Hibernate Search - Support for Multi-tenancy

saran_m15 · **Joined:** Thu Mar 15, 2012 12:13 pm **Posts:** 3

We are currently working on changes that enables our application to support multi tenancy. We are using hibernate-search 3.4.x, the application is deployed on Jboss, every tenant hosted will have different DB schema and we switch to different DB schema based on the user logged in and the client(tenant) he belongs to. The lucene index by default creates an instance of DirectoryProvider per Indexed class. As we need to switch between different schema we need the index to be stored in different directories for different clients (tenants). For example:
for tenant 1 and Indexed class c1 the DP should use the structure - t1\c1\
for tenant 2 and Indexed class c1 the DP should use the structure - t2\c1\

Currently we have created a Custom FSDirectory provider that handles multiple clients by caching the directories by client and returning the appropriate directory in getDirectory() based on the client being served.

Questions:
a) In the above approach the DP instance is one/Indexed Class servicing multiple clients cause any problems?
b) Is it possible to create different directory provider instance per class per client at runtime?
c) What are the other options available?

Any help on this is appreciated.

sanne.grinovero · **Posted:** Fri Mar 16, 2012 11:18 am

Hi,
before I try answering, could you describe how your application interacts with the tenants? Are you having multiple Hibernate SessionFactory(es) ?

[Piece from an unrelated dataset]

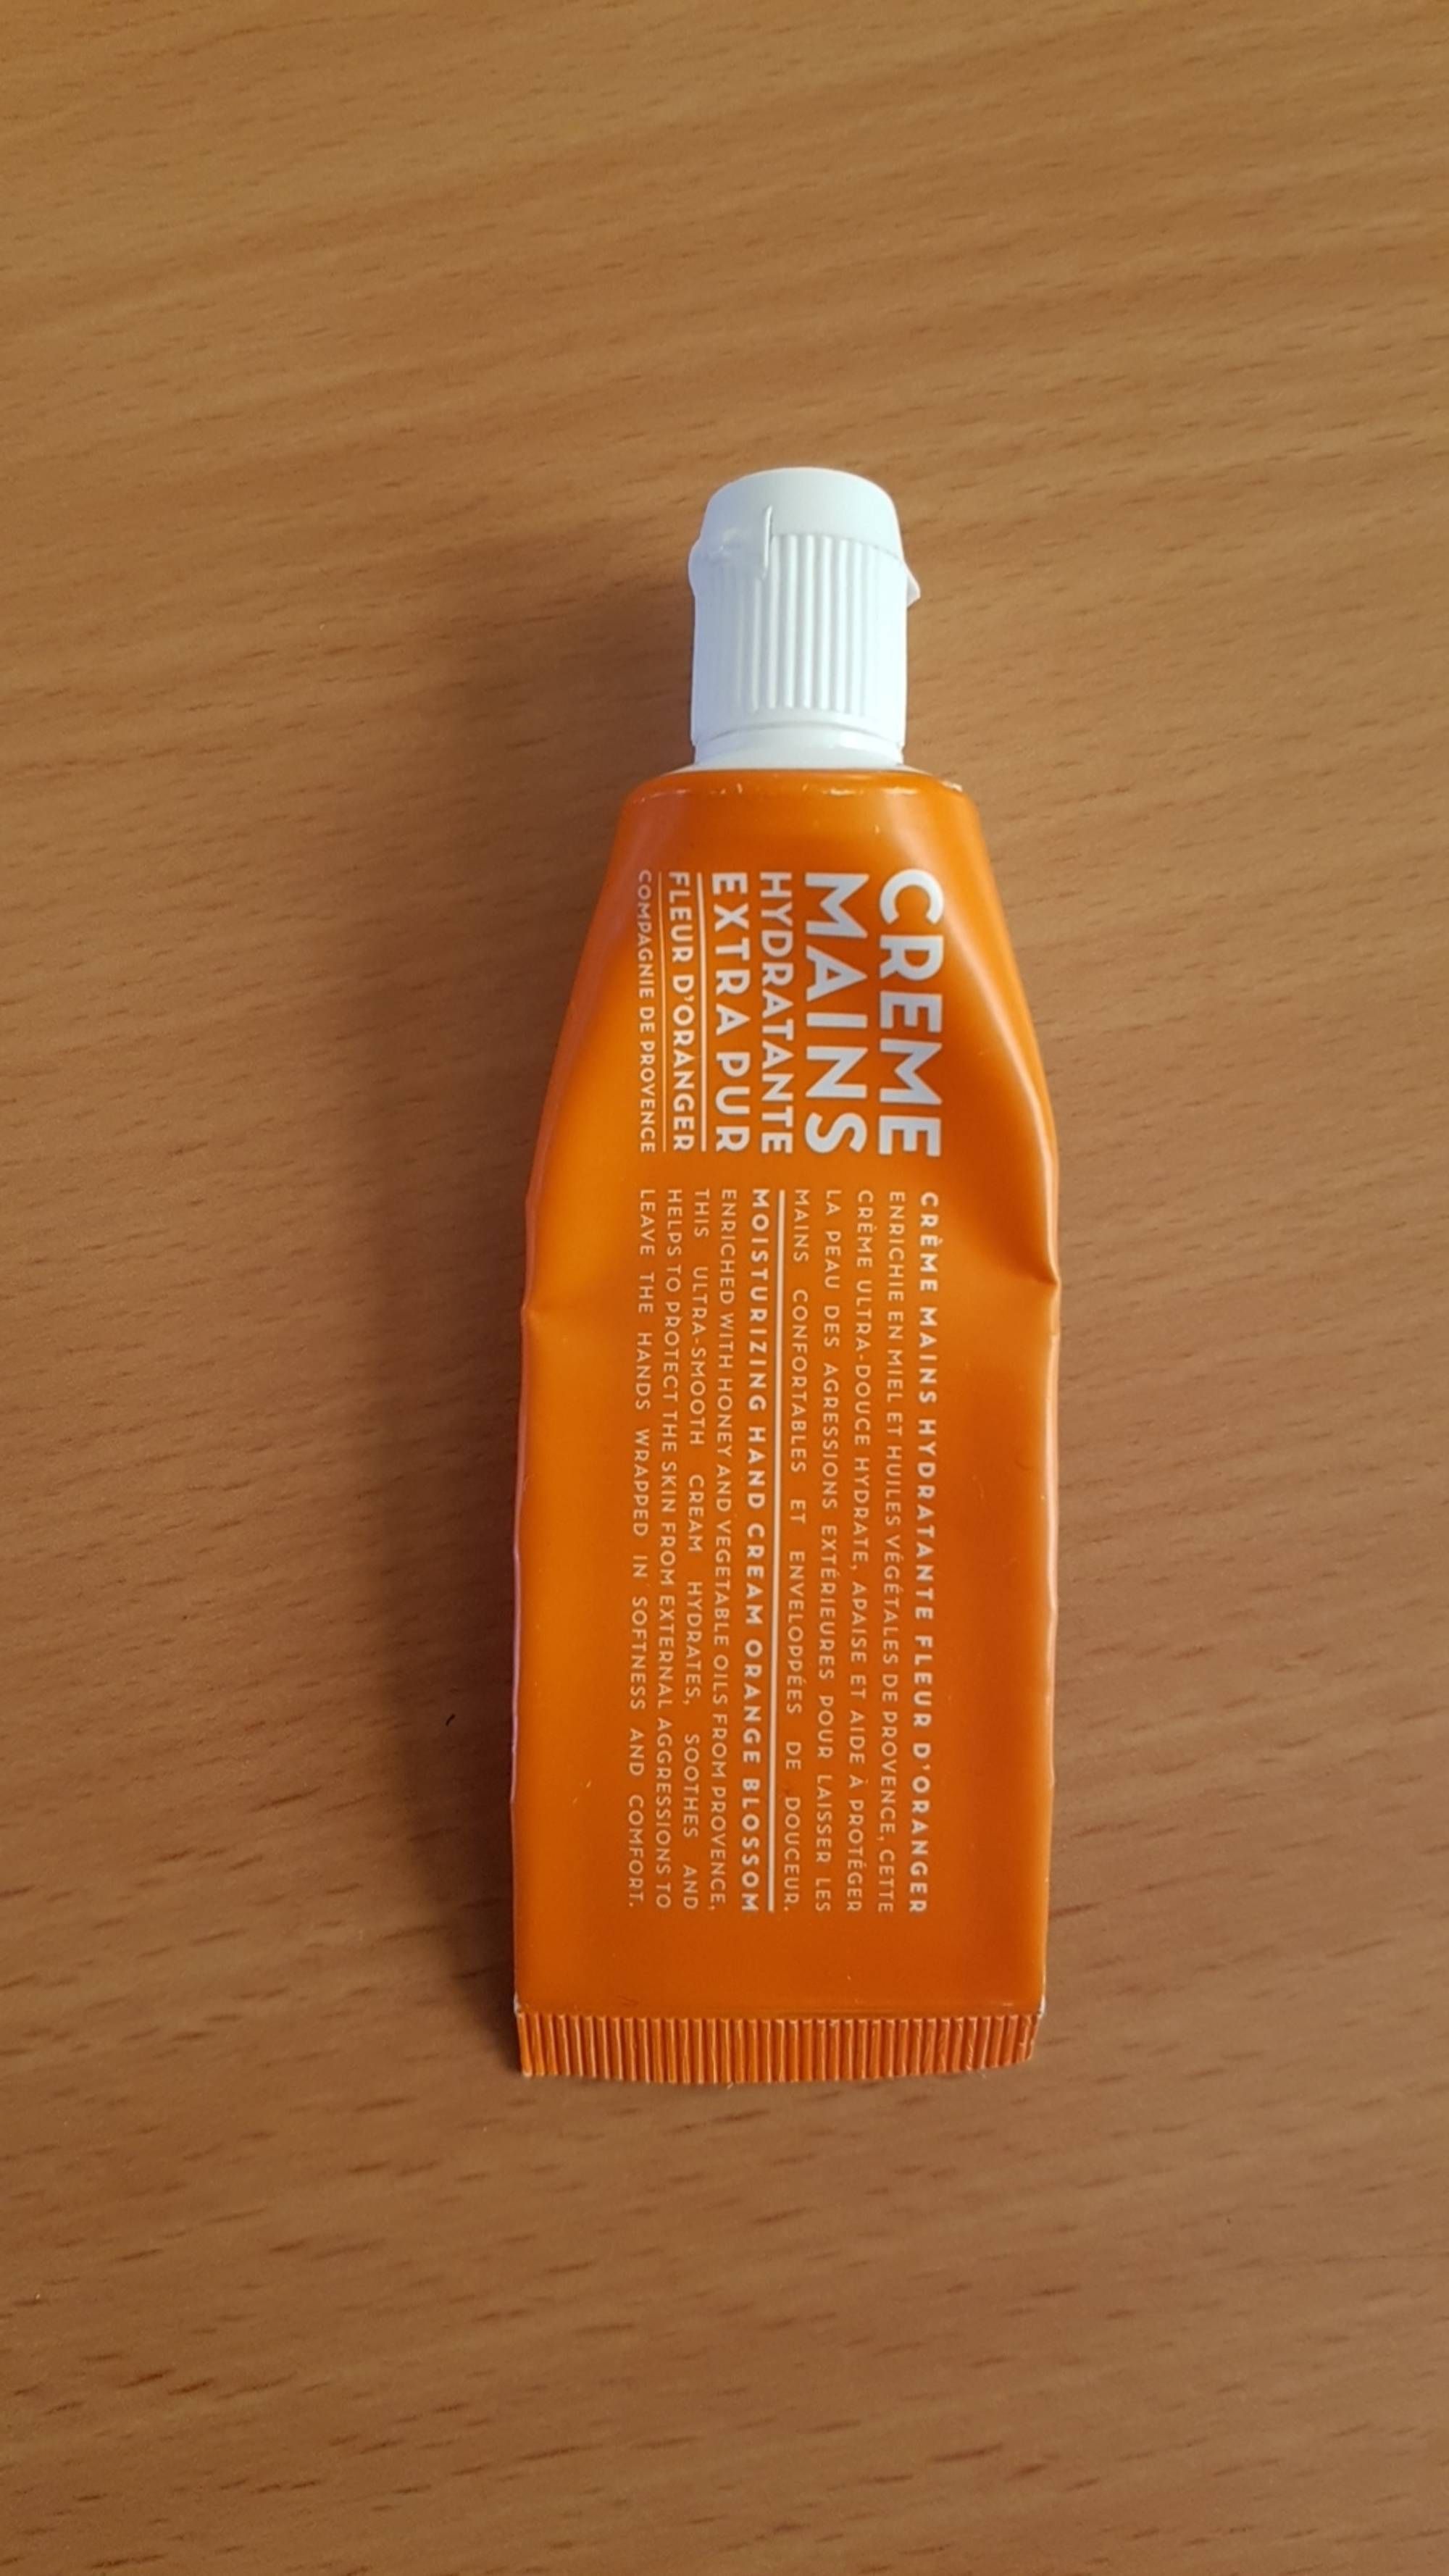 COMPAGNIE DE PROVENCE - Fleur d'oranger - Crème mains hydratante extra pur

Multitenancy was introduced by Hibernate since version v. 4.0 but you seem to use the older version, so I guess this is a bit tricky..

saran_m15 · **Joined:** Thu Mar 15, 2012 12:13 pm **Posts:** 3

Hi,

We are using only one session factory, after opening the session we run "Alter session set current_schema" statement to switch the schema based on the tenant group the user belongs to.

Let me know if you need additional info.

One more information, we use hibernate.search.indexing_strategy=manual.

sanne.grinovero · **Posted:** Mon Mar 19, 2012 12:24 pm

I see, thank you for clarifying.

a) Make sure you disable exclusive index, or the IndexWriter will reuse the previously opened index, caching the reference to the Directory.

b) Well I think yes but the complexity is going to reside in the code of your custom DP: when requesting a FSDirectory for a tenant which is not existing, you create one. Make sure you have some lock to protect you from multiple invocations.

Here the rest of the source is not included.